Under the agreement, Apache was obligated to spend $30 million on the properties over four years. According to Walker, Apache spent that money in the first year as it worked three drilling rigs in the oil-prone portion of the Eagle Ford play. One well produced some 500 b/d of oil.

In EVEP’s fourth quarter report, recorded by Seeking Alpha, Walker said, “Apache is not drilling in the Eagle Ford currently. They have had some modest results in the Eagle Ford but really very good results in the Georgetown. And so, in terms of us not putting up any money, we are receiving some revenues from that. And, I think that as time goes by — Apache — they’ve given us indications that they will be drilling in the gas leg of the Eagle Ford, since their focus previously has been in the oil leg of the Eagle Ford.”

Exxon Mobil Corp.

Exxon Mobil Corp. has taken a hard, close look at gas shales since the Barnett play exploded in northern Texas; and that look includes at least a glance at the Eagle Ford in southern Texas.

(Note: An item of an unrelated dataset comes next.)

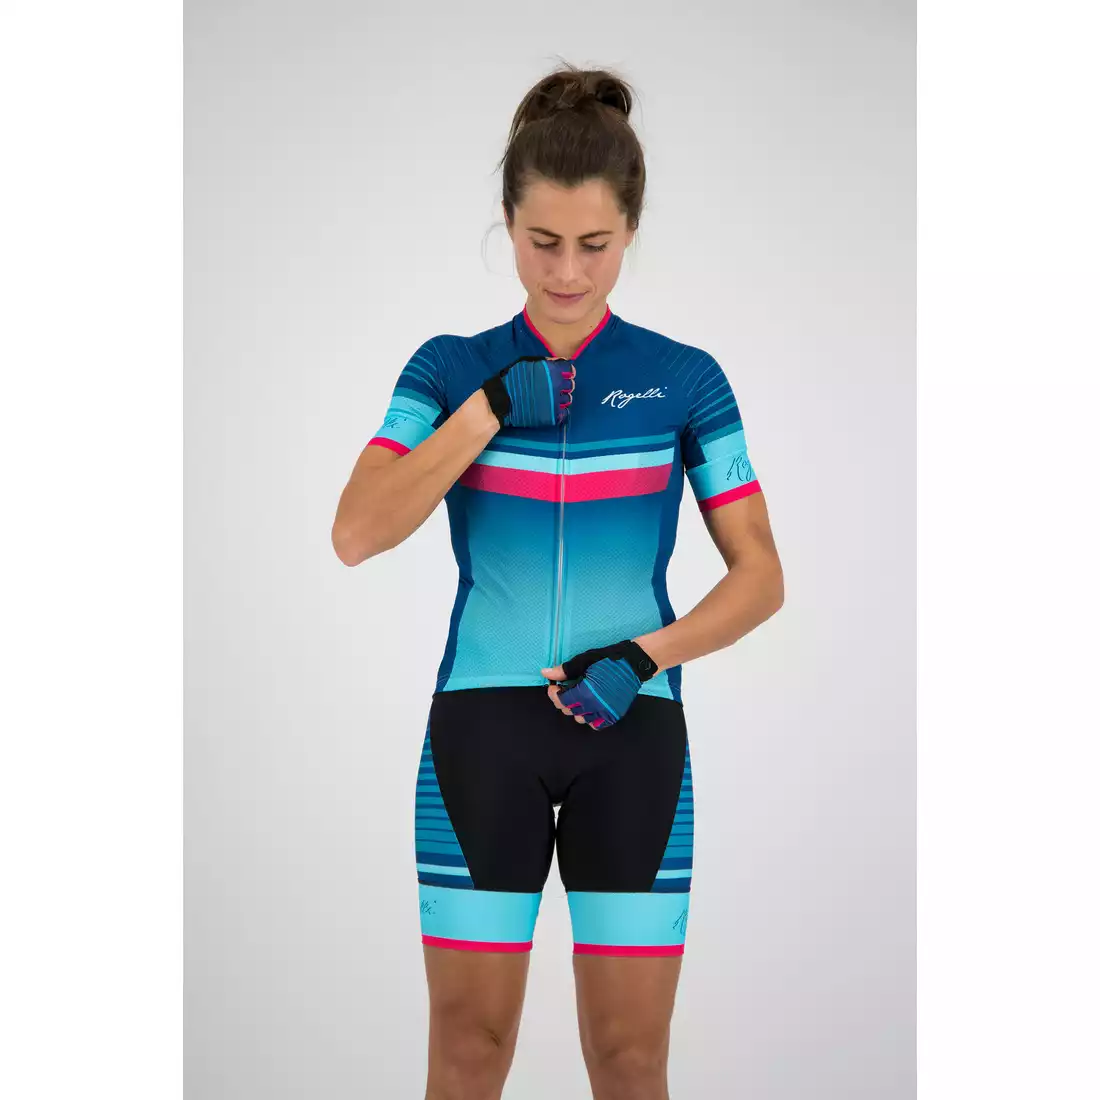 Rogelli Impress 010.160 damska koszulka rowerowa Niebieski/różowy
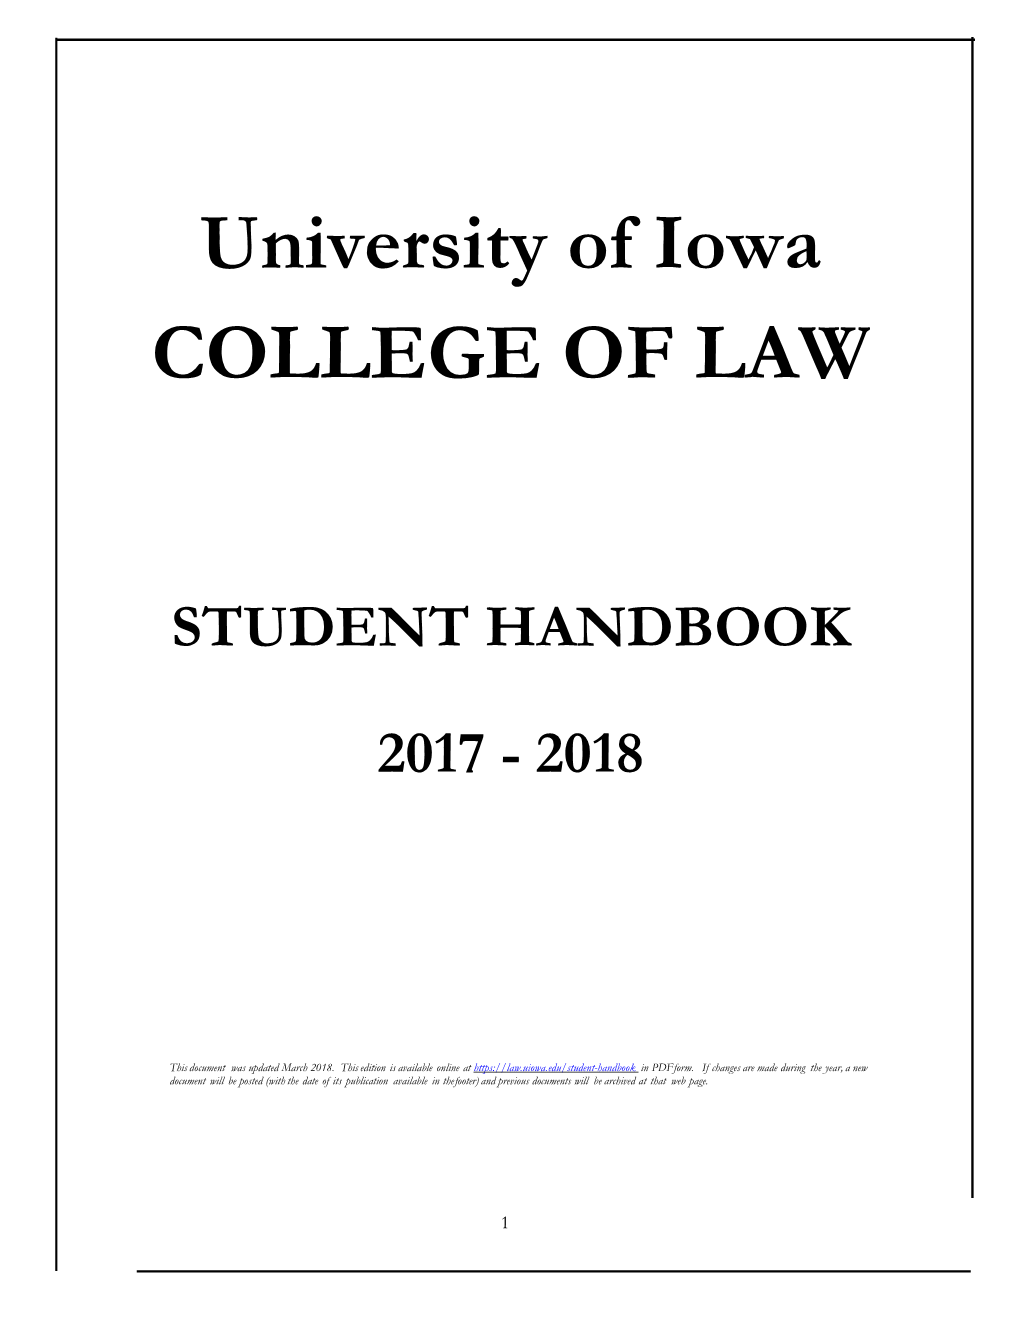 Student Handbook 2017

According to a Houston Chronicle article, the company has properties with Eagle Ford potential in La Salle and McMullen Counties, but details about activity on those properties are tight.

The company’s exposure to gas shales showed up in 2006 when it acquired 11,000 acres of land in the Barnett play and started drilling six wells under a joint venture agreement, with Harding Co. of Dallas to test the formation in northern Tarrant and southern Johnson Counties where Harding already had 25 Barnett wells.

It was 80% owner of a venture group called DDJET LLP, named after Dallas, Denton, Johnson, Ellis, and Tarrant Counties, but the group also had properties in Collin, Hill, and Navarro Counties. The group also bid on Dallas-Fort Worth Airport properties.

In June 2008, analyst Michael Lynch at Gerson Lehrman Group said, “The company (ExxonMobil) is reviewing all of its producing properties in Europe and has recently signed participate agreements with MOL (Hungarian Oil and Gas Plc.) and Falcon Oil and Gas (Canada) to evaluate shale gas reservoirs in Hungary.”

The clearest step in ExxonMobil’s move toward gas shales was the company’s bid late in 2009 to acquire shale giant XTO Energy Inc. for $41 billion.

If that bid succeeds, that would give ExxonMobil 380,000 acres in the Fayetteville Shale producing 100 MMcfge/d, 160,000 acres in the Woodford Shale producing about 70 MMcfge/d, Haynesville properties producing 45 MMcfge/d, 277,000 acres in the Barnett producing 622 MMcfge/d, and 280,000 acres in the Marcellus Shale, according to XTO’s third quarter 2009 report.

Some Eagle Ford properties may also join that list. In response to a question during a second quarter 2009 conference call about the company’s interest in the Eagle Ford in La Salle County, XTO Chairman Keith Hutton said about the Eagle Ford, “We’re watching it real close. We do have some acreage there. I’m not really ready to talk about it. We have done some re-completions in some other wells and they look fine. So, we’ll probably bounce into that play eventually and start talking about it, but not at this time.”

Hilcorp Energy Co.

Hilcorp Energy Co. — the fourth-largest, US-based, privately held oil and gas exploration and production company — took over operating duties in early 2010 on a farm-in position in the Eagle Ford Shale.

Aurora Oil & Gas Ltd. of Perth, Australia held significant positions in three areas of mutual interest (AMIs) in the 200,000-acre Sugarkane Austin Chalk-Eagle Ford play.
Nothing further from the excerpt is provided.